Using table 1-1 for the properties of the section of Wt, the section as shown in the sketch, bf=12 inches, the thickness of the flange is 0.67, the web thickness is 0.43, the overall height d=12.3 inch. First, we have to check, whether the column is short or long

We start by estimating the (Kl/ry) max (Kl/ry) at y, where ry is the minimum radius of gyration, we have k=0.8, l=15 x12=180 inch, *That was a part of the video, which has a subtitle and closed caption in English*

**.**You can click on any picture to enlarge, then press the small arrow at the right to review all the other images as a slide show.

### Detailed data for the Solved problem 5-2 for local buckling of columns.

We are going to see, the first Solved problem for local buckling 5-2, in which, the arrangements of the solution. The Qs, Qa will be considered as = 1 as a start, solved problem 5-2 is From Prof. Jack McCormac’s handbook,

For the column shown in fig 5.8, if 50 ksi steel is used.

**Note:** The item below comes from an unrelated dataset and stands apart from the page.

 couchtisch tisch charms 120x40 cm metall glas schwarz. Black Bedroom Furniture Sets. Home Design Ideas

a) Using the column critical stress values in table 4-22 of the Manual, determine the LRFD design strength Φ Pn and the ASD allowable strength P/Ωc, for the column shown in fig 5.8.

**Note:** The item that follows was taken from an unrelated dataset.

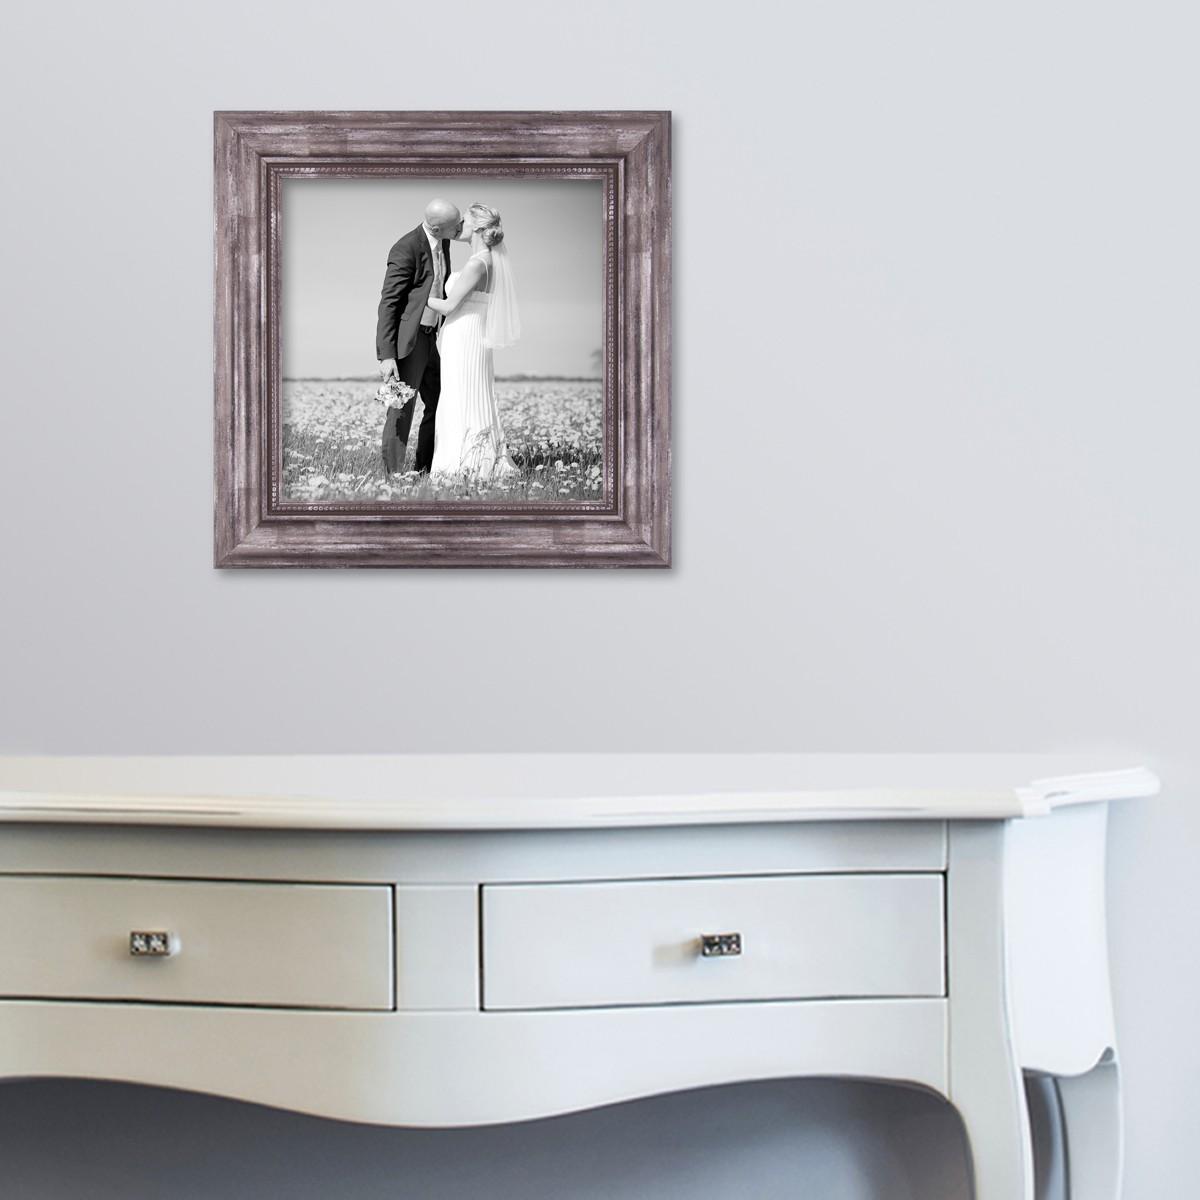 bilderrahmen landhaus barock breit vintage holz gold silber braun weiss rahmen. Black Bedroom Furniture Sets. Home Design Ideas

b) Repeat the problem by using table 4-1 of the Manual.

c) Solve by using the AISC – equation E3.

#### 1-Get the properties of section W12x72 from table 1-1 for the Solved problem 5-2 for local buckling

Referring to the given section of W12x72, Height is 15 feet, fixed from the bottom and hinged from top, kx=ky=0.7. **But, the recommended values for kx, Ky are taken equal to 0.80.**

Using table 1-1 for the properties of the section of Wt, the section as shown in the sketch, bf=12 inch, the thickness of the flange is 0.67, the web thickness is equal to 0.43, the overall height d=12.3 inch.

#### 2-Check whether buckling is controlled by minor or major axis for the Solved problem 5-2 for local buckling

We have to check, whether the column is short or long, so, we start by estimating the (Kl/ry) max (Kl/ry) at y, where ry is the minimum radius of gyration, we have k=0.8, L=15 x12=180 inch, ry=3.04 inch 4, kl/r at the y is 47.37, for Fy =50 ksi.

Our equation 4.71*sqrt(E/Qfy), is known to be =113.43 for Fy=50 ksi, the kl/r at the y-direction is less than 113.43.

The column is short.

#### 3-Check the bf/2tf value for the W-section-unstiffened section.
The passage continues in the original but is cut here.